Assembling the Fragments of Mobilizing the Archaeological Report for a Future of Reuse, Part Two
- Sep 25, 2024
- 7 min read
The second part of our piece for the Journal of Field Archaeology’s 50th anniversary issue is a bit scrappier than the first, but I think it says many of the things that we want to say (even if the citations and some elements of emphasis remain unpolished). If you want some background to what this post is about, check out yesterday’s post and follow the links.
Scaffolding the Archaeological Report: A Guide to Promoting Date Reuse
The digital age has often brought expectations that archaeological datasets will revolutionize archaeological knowledge. Indeed, a special issue of this journal celebrated the potential and recognized the challenges of Big Data oriented approaches to archaeology. Publishing data to facilitate reuse and replication, however, is easier said than done. Anyone who has critically read a written archaeological report—the most common form for encountering archaeological data today—knows how hard it is to navigate the relationship between interpretation and evidence.

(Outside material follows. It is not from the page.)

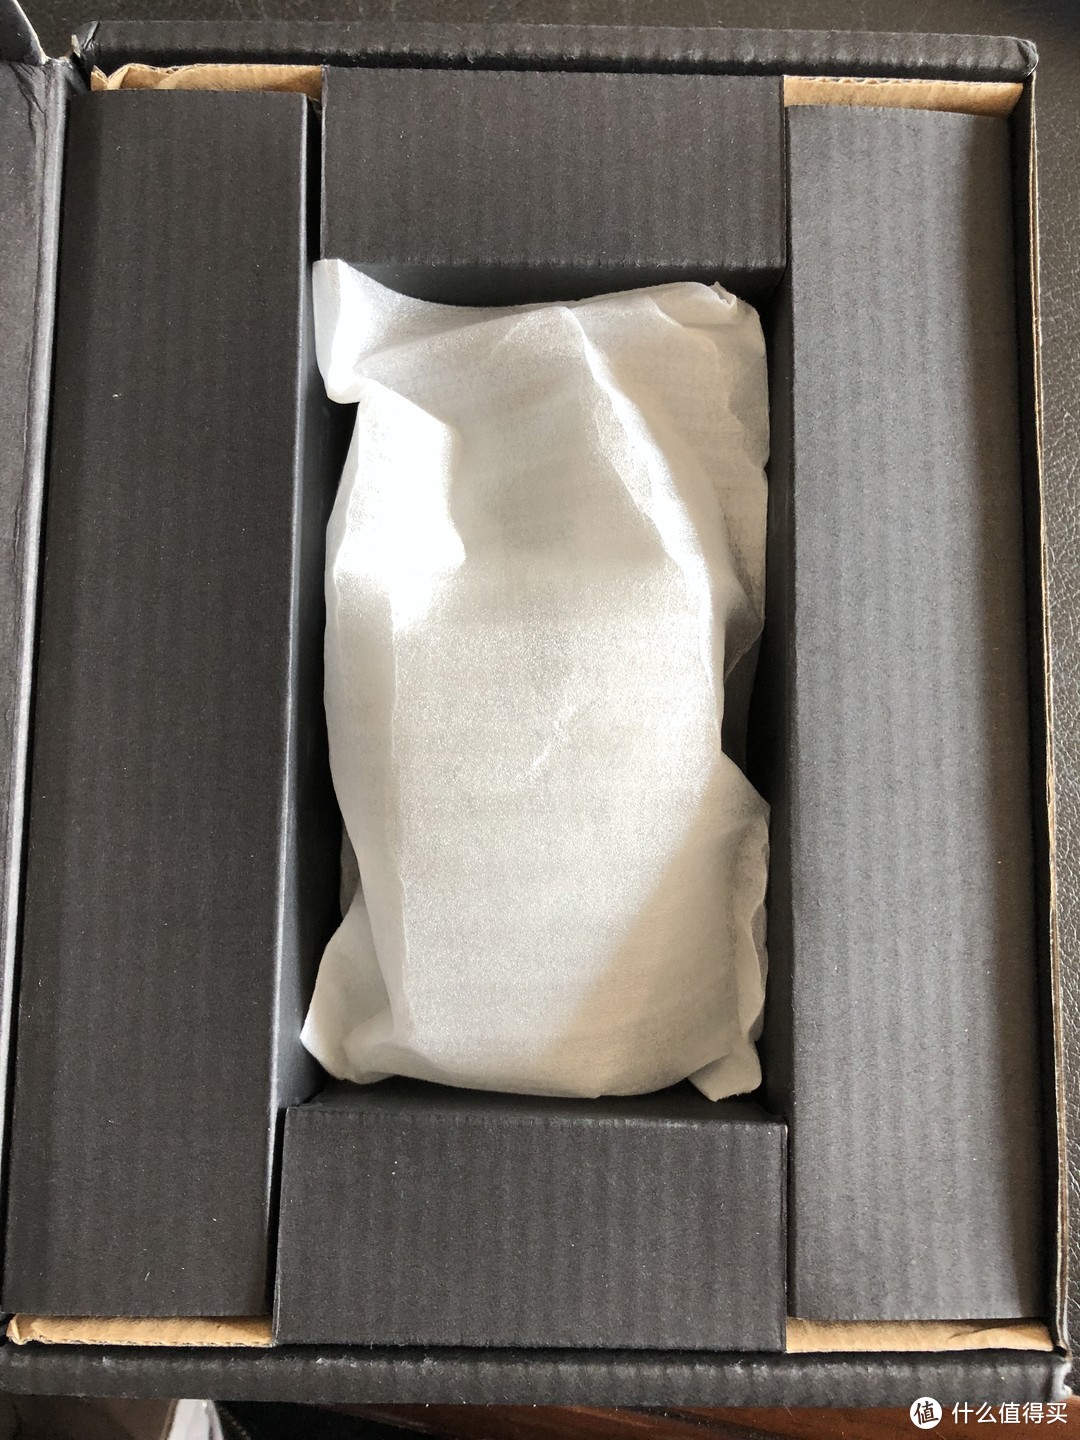 ▲打开盒子就是鼠标本体了，就一个塑料袋装着，感觉比较简陋。

Archaeologists have, of course, improved the prospects of reuse by sharing the data itself through online catalogs, photos, and data tables. Yet, even clean, accessible, and interoperable data cannot be mobilized without appropriate descriptive frameworks, metadata, paradata, and instructions for analysis. Néhémie Strupler’s efforts to reproduce the published analyses of three regional surface surveys on the basis of their online datasets (2021) demonstrates the fundamental challenges of verifying results without published code of original analysis.
In preparing scaffolding for the Eastern Korinthia Archaeological Survey, we began with the foundation itself: the creation of a reliable dataset that was simultaneously findable, accessible, interoperable, and reusable. The lead editor (Pettegrew) worked with EKAS’ project directors and the editors of Open Context to finetune and finesse open data over a period of several years (2020-2023). Some of this work entailed tracking down and compiling decades old Microsoft Access databases and migrating them to current versions. Some entailed making higher-order decisions about curating data, including which information to include and exclude and how to structure data for downloading and archiving. Pettegrew also spent considerable time reclaiming the integrity of bad data by refining values for clear search results, such as correcting misspellings, standardizing inconsistent spellings in text fields, and verifying that fields defined as numeric (e.g., counted artifacts, visibility estimates, or fieldwalker spacing) contained no text (e.g., “10” rather than “10M” to denote 10-meter spacing). Although the project staff had keyed most of its data at the time of survey, Pettegrew still devoted 300 hours in fall 2020 alone. As he notes in the volume, he spent this time “pressing usable and meaningful information out of messy digitized survey records” (Pettegrew 2024, 181).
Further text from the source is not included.